The timeout issues got me thinking about designing a scalable on-demand system to handle this heavy load more efficiently. I aimed to create an architecture that could manage these intensive tasks without timing out and still deliver quick results. I decided to explore an event-driven architecture to see if it could solve our problems.

This article documents the idea and the decisions I made during development. It’s not a step-by-step tutorial but rather a reflection on the process. If you want to check out the current state of the project or contribute, you can find it on my GitHub.

What is FFmpeg?

According to their website:

FFmpeg is the leading multimedia framework, able to decode, encode, transcode, mux, demux, stream, filter and play pretty much anything that humans and machines have created. It supports the most obscure ancient formats up to the cutting edge. No matter if they were designed by some standards committee, the community or a corporation.
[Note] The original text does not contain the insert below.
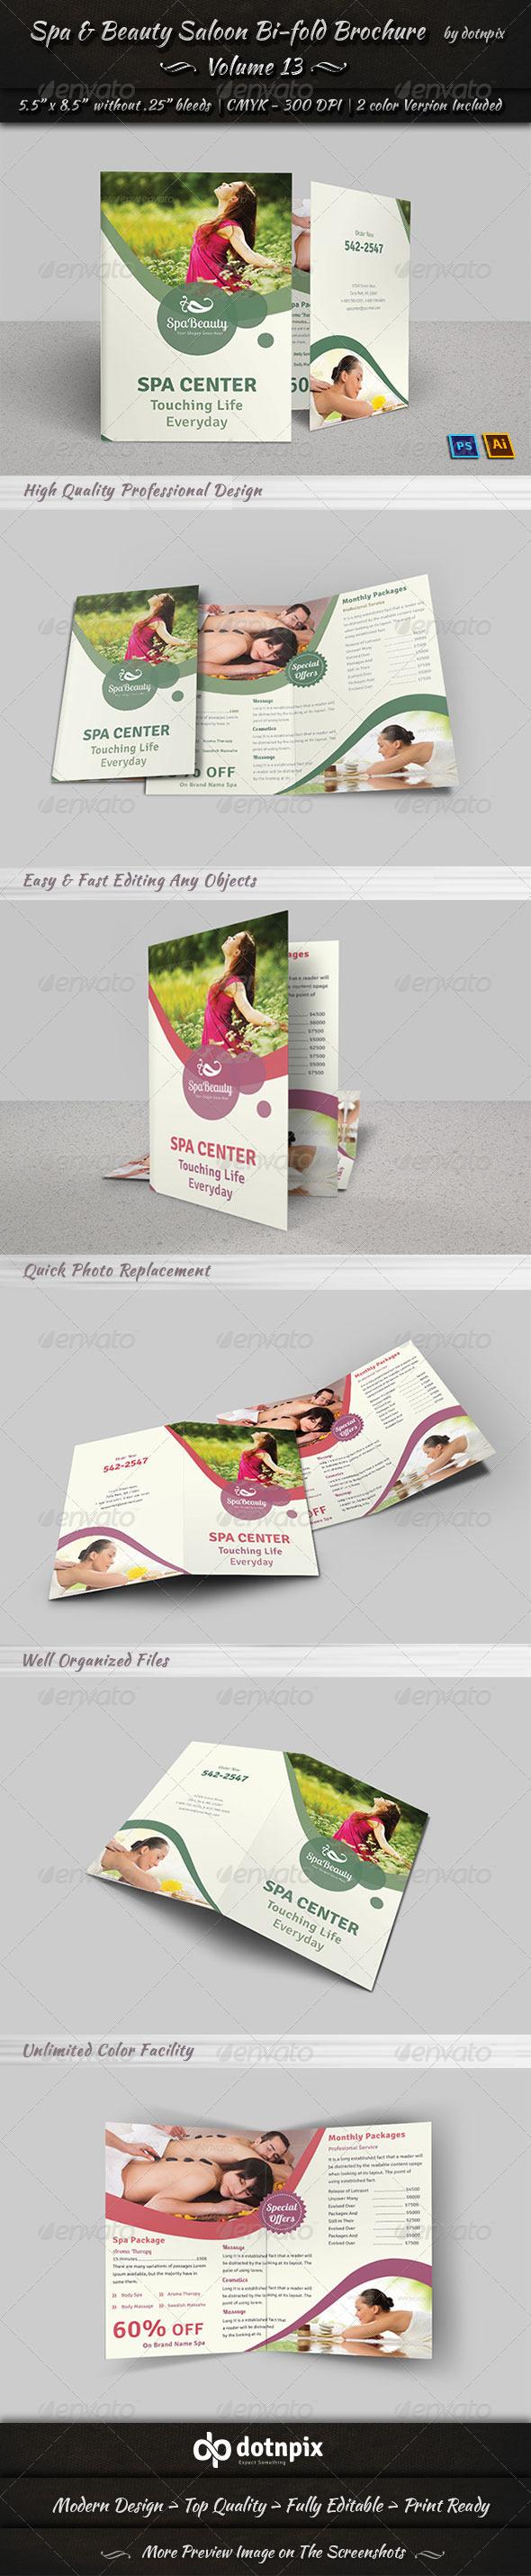 GraphicRiver Spa & Beauty Saloon Bi-fold Brochure Volume 13 7990956

It is also highly portable: FFmpeg compiles, runs, and passes our testing infrastructure FATE across Linux, Mac OS X, Microsoft Windows, the BSDs, Solaris, etc. under a wide variety of build environments, machine architectures, and configurations.
About FFmpeg

The Architecture Draft

The system I had in mind would run in a Kubernetes environment. I planned to use KEDA for autoscaling my application (I will go deeper into deployment in part 2, soon).

The idea was to split the API and the job that would actually run the FFmpeg task. The communication between them would use a message broker. I chose Kafka initially. When the user triggers the API, it calls a job that handles the heavy FFmpeg load. Once the task is done, the user receives the result via a webhook call, notifying them when to retrieve the result file.
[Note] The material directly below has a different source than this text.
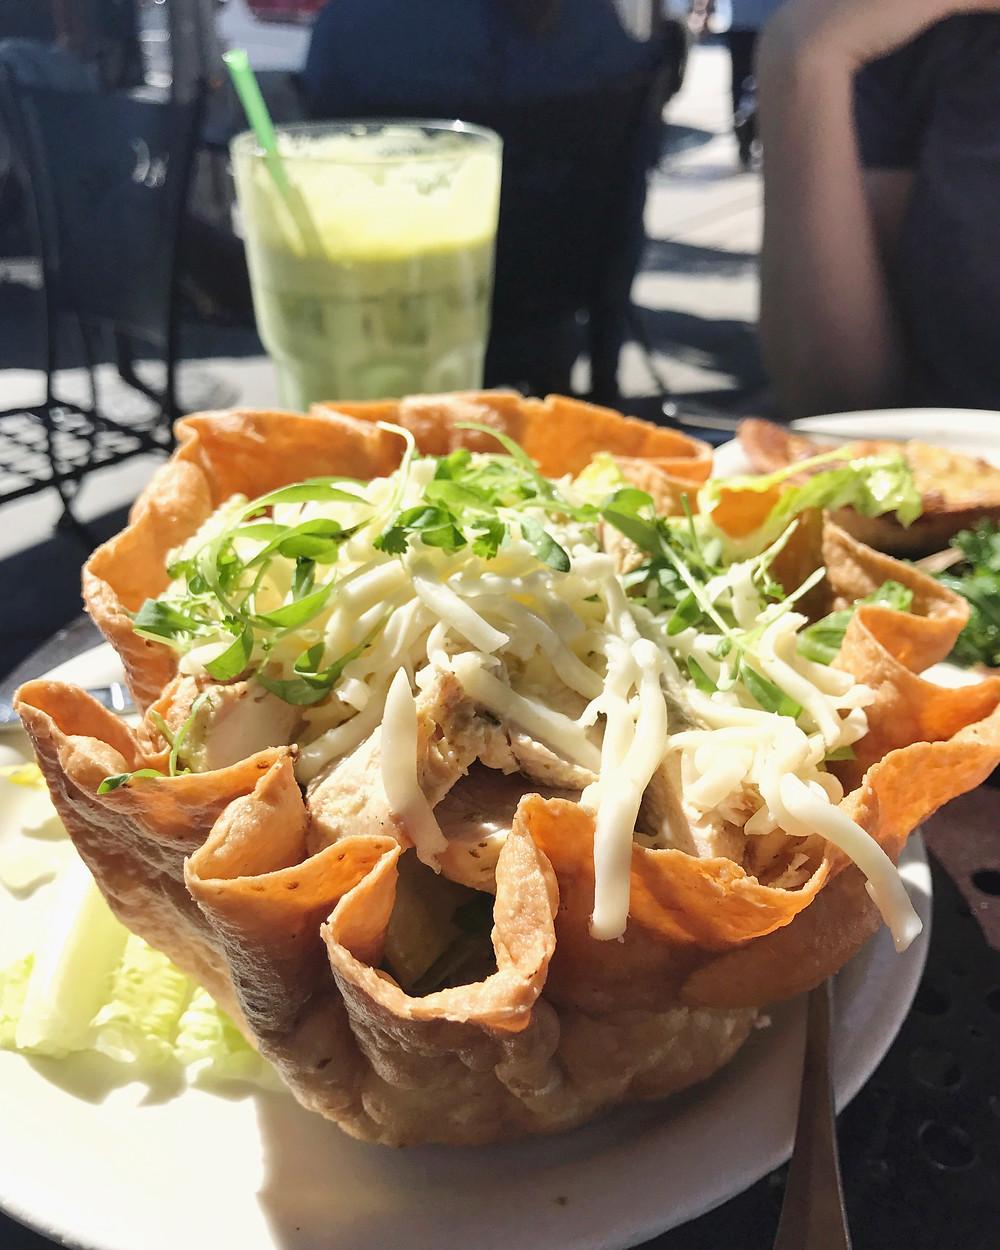 The Tostada Salad - Urth Caffe

Architecture diagram illustrating the Video Editor API and Job components. The diagram shows a user interacting with the service, which routes requests to a horizontally scaled set of API instances managed by KEDA. Processed video tasks are then sent to a set of job instances, also managed by KEDA, for further processing and deployment.
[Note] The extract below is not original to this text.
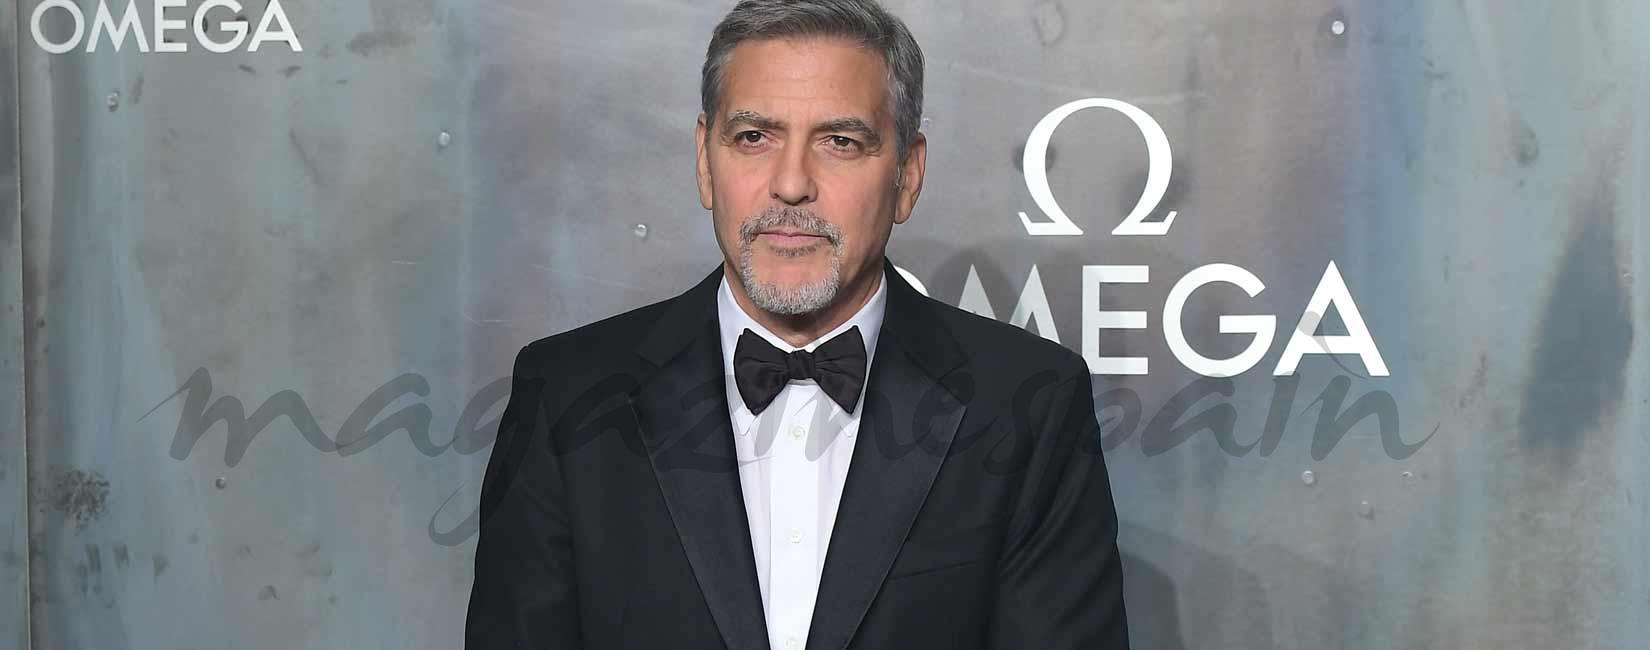 George Clooney, un elegante futuro papá

We have separate deployments, allowing us to scale both the API and jobs independently. My plan is to scale the job to zero when there is no demand and upscale when the topic lag increases.

The diagram sequence would look something like this:

Structuring the Code

The project structure follows the Golang pattern, similar to projects like Kubernetes or GitHub CLI. The structure is as follows:

video-editor-api/
├── internal/
├── cmd/
├── pkg/
├── scripts/
├── .mockery.yaml
├── Makefile
├── config.yaml
├── go.mod

internal: This directory is for packages not meant to be imported by code outside of the video-editor-api module. This keeps internal components encapsulated and hidden from other modules.
cmd: Contains the main application entry point. It holds the executable code, typically organized as subdirectories for different commands (e.g., app).
pkg: This directory is used for libraries meant to be imported and used by external applications. It includes various packages that implement the core functionality of the application.
go.mod: This file defines the module’s path and its dependencies. It is used by Go modules to manage and version dependencies for the project.
.mockery.yaml: This configuration file is used by Mockery, a mocking framework for Go. It specifies settings for generating mock interfaces in the project.
Makefile: A build automation tool that defines a set of tasks to be executed. In this project, it’s used to compile the code, run tests, download dependencies, and handle other routine tasks.
config.yaml: A configuration file written in YAML format. It contains settings and parameters for the application, such as API settings, job configurations, Kafka settings, and logging levels.

Configuring the Project

I always start my Go projects with a configuration setup that helps me test my code further. To accomplish this, I use the Viper library, which handles configuration with ease and allows both configuration files and environment variable overrides.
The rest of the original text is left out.